I would like to invite you to join in working on it, but I am trying to come up with a 4 and 5 axis only approach. Remember that as far as CNC goes, an indexer or trunnion changes the game completely. If you want to talk about more of this, email me.

Best,

Julian

December 28, 2013 at 18:33

Hi Julian,

I haven't worked on opencamlib (3D cutter projection) or openvoronoi (2D pocketing) for a while. The latest code is available on github. There is no GUI and there seems to be little interest in developing one in the community.

There's been some recent work with a CAM-module for FreeCAD, but I haven't heard or seen the latest developments.

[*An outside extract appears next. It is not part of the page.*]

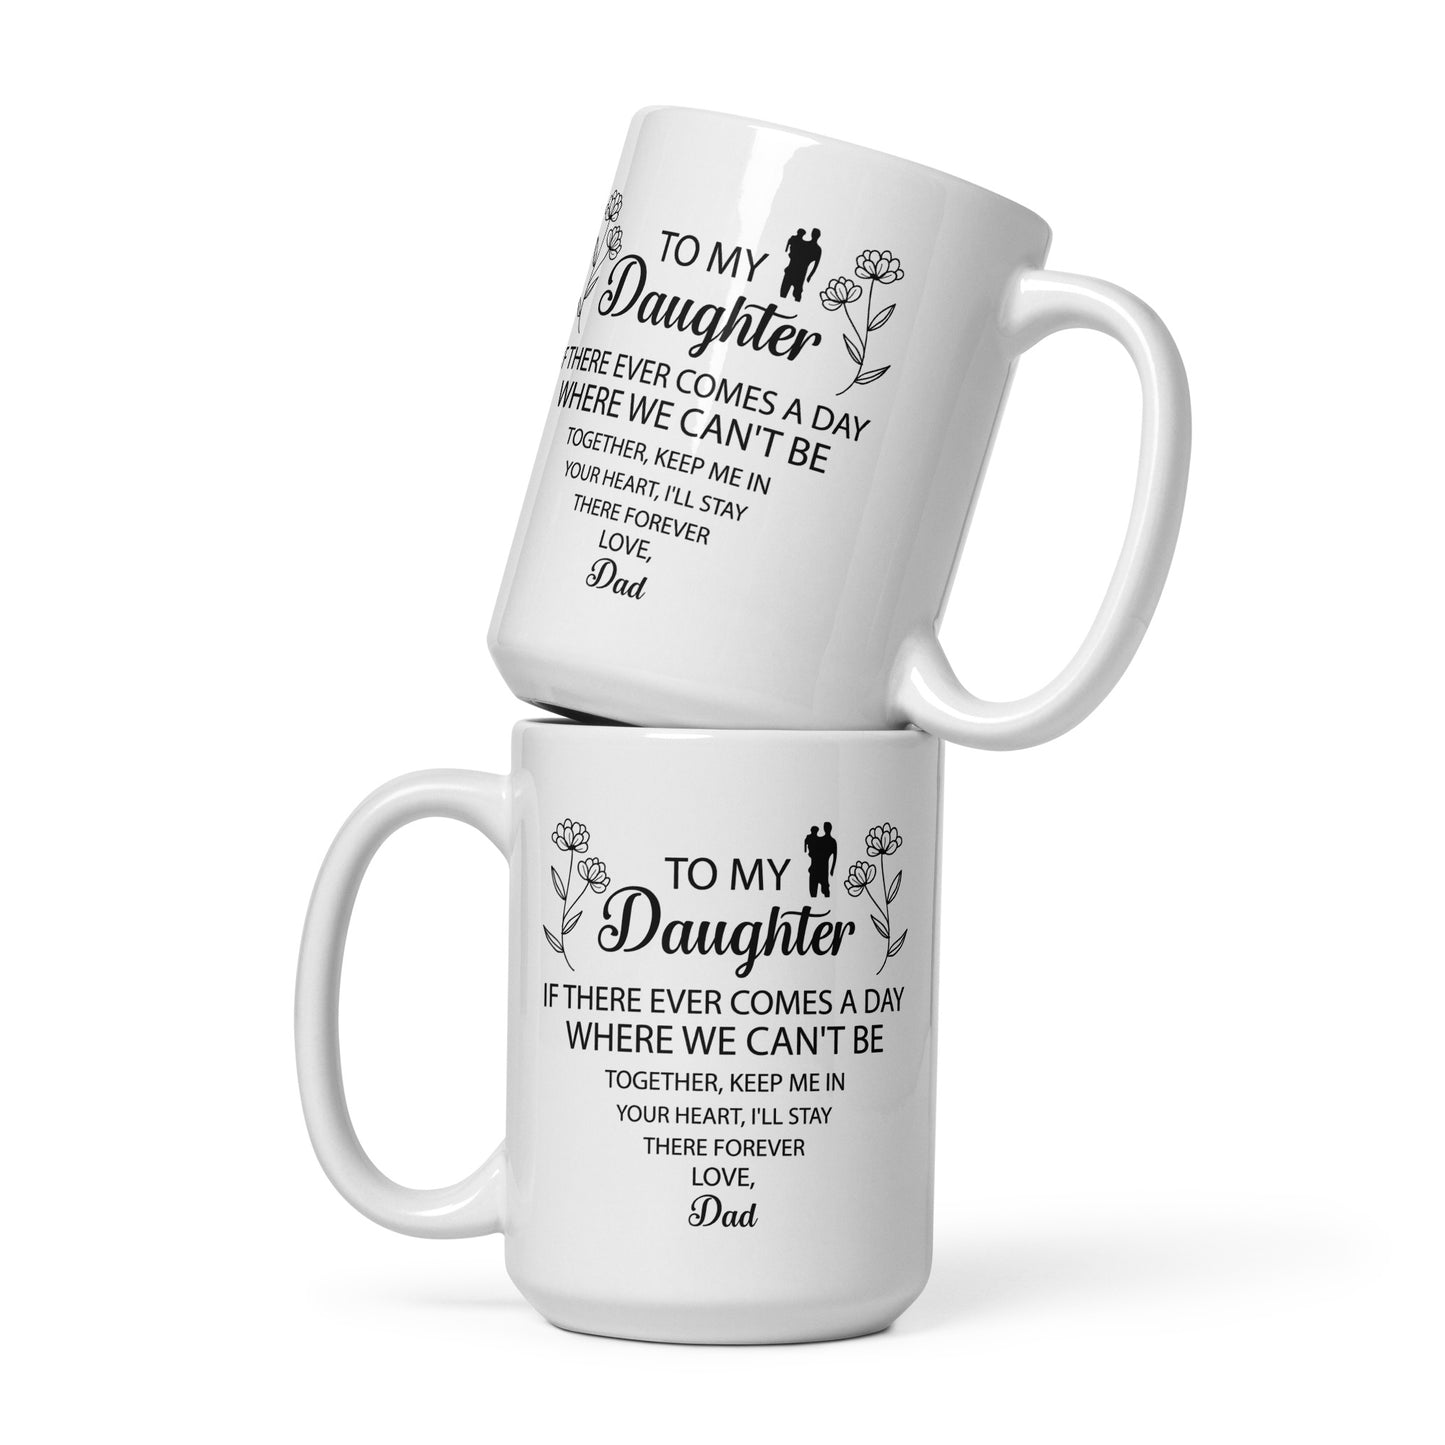 To my daughter comes a day Personalized Mug Gift Customized Mug Gift w Heartfelt Message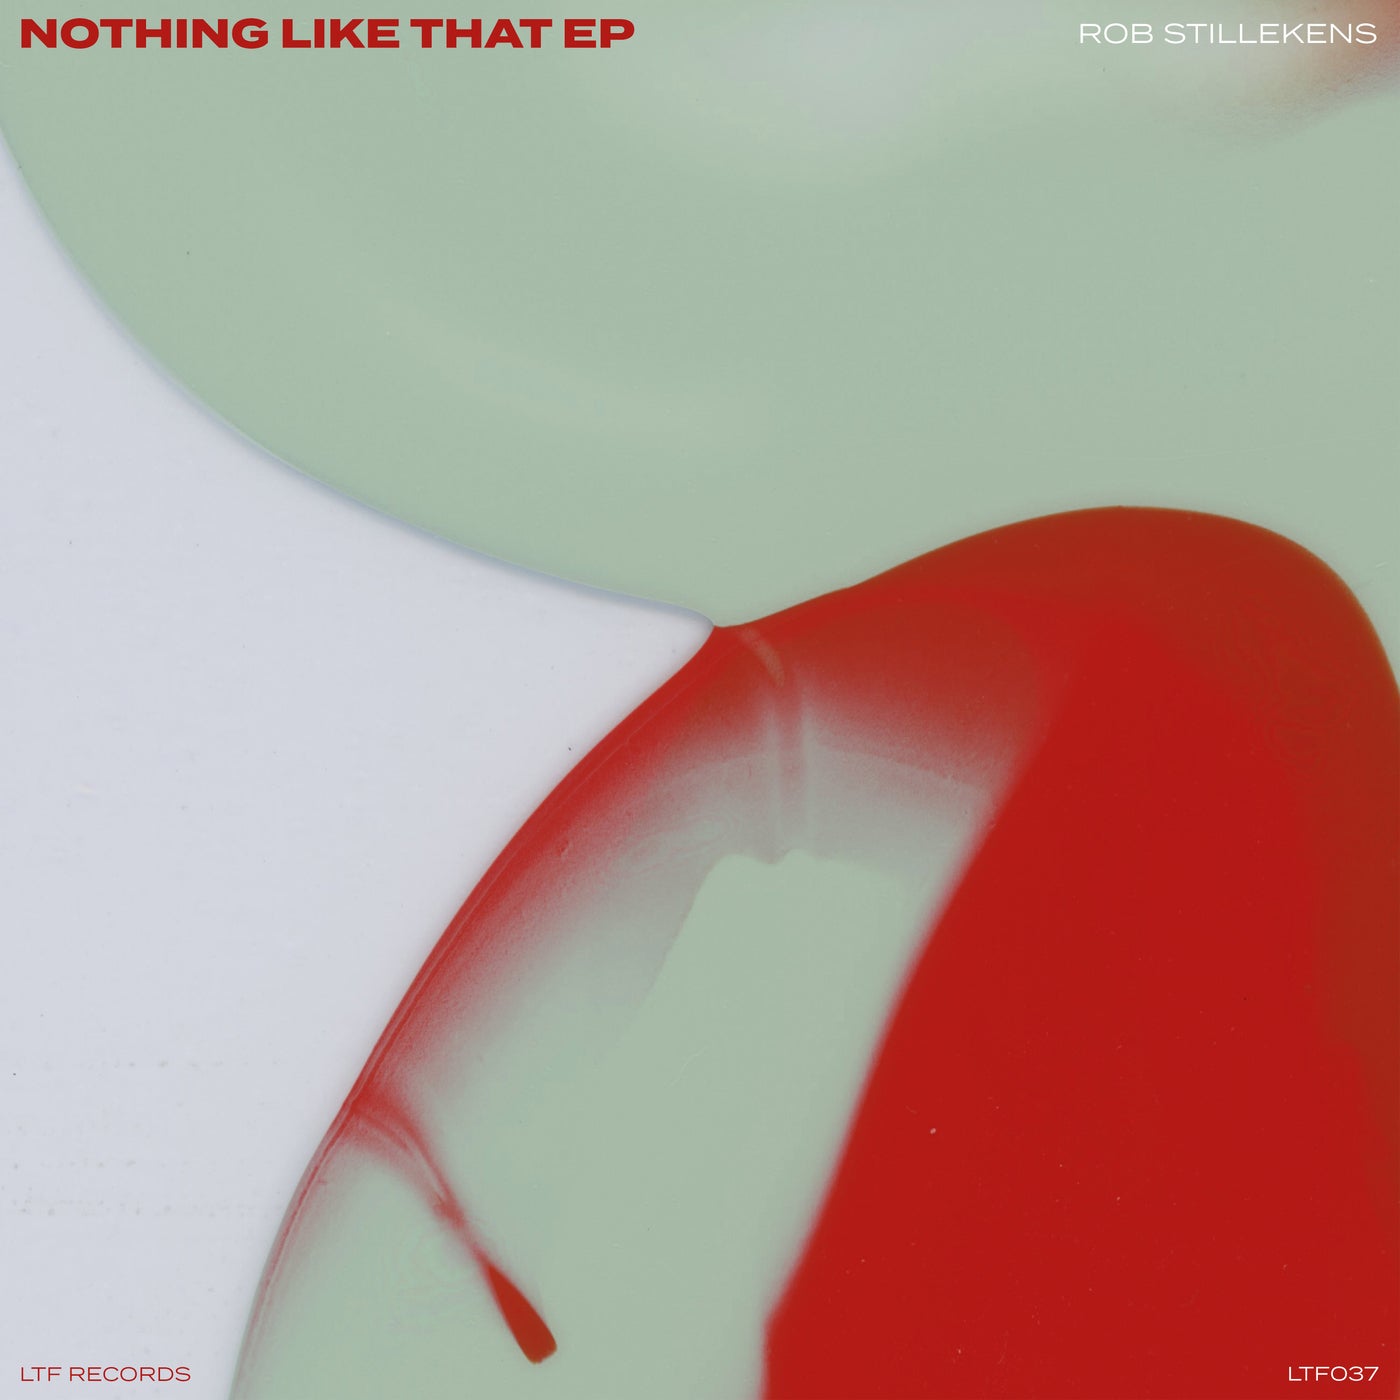 image cover: Rob Stillekens - Nothing Like That EP on LTF Records

Do post a link to your source-code, screenshots, or videos if/when you release something!

Anders

December 5, 2015 at 12:22

Hi Anders,

That was supposed to be one of the easy ones but it is giving more trouble than the two other tests. As soon as the normal z-axis value goes below 0.05 or so I start getting imposible (too tall) zi values.

Do you have any idea what I might be missing?

Thanks,

misan

December 5, 2015 at 12:30

Hi Miguel,

check out these 23 lines of code in opencamlib:

https://github.com/aewallin/opencamlib/blob/master/src/cutters/millingcutter.cpp#L50

I can't remember the details, but there seems to be a special case for horizontal or nearly horizontal facets.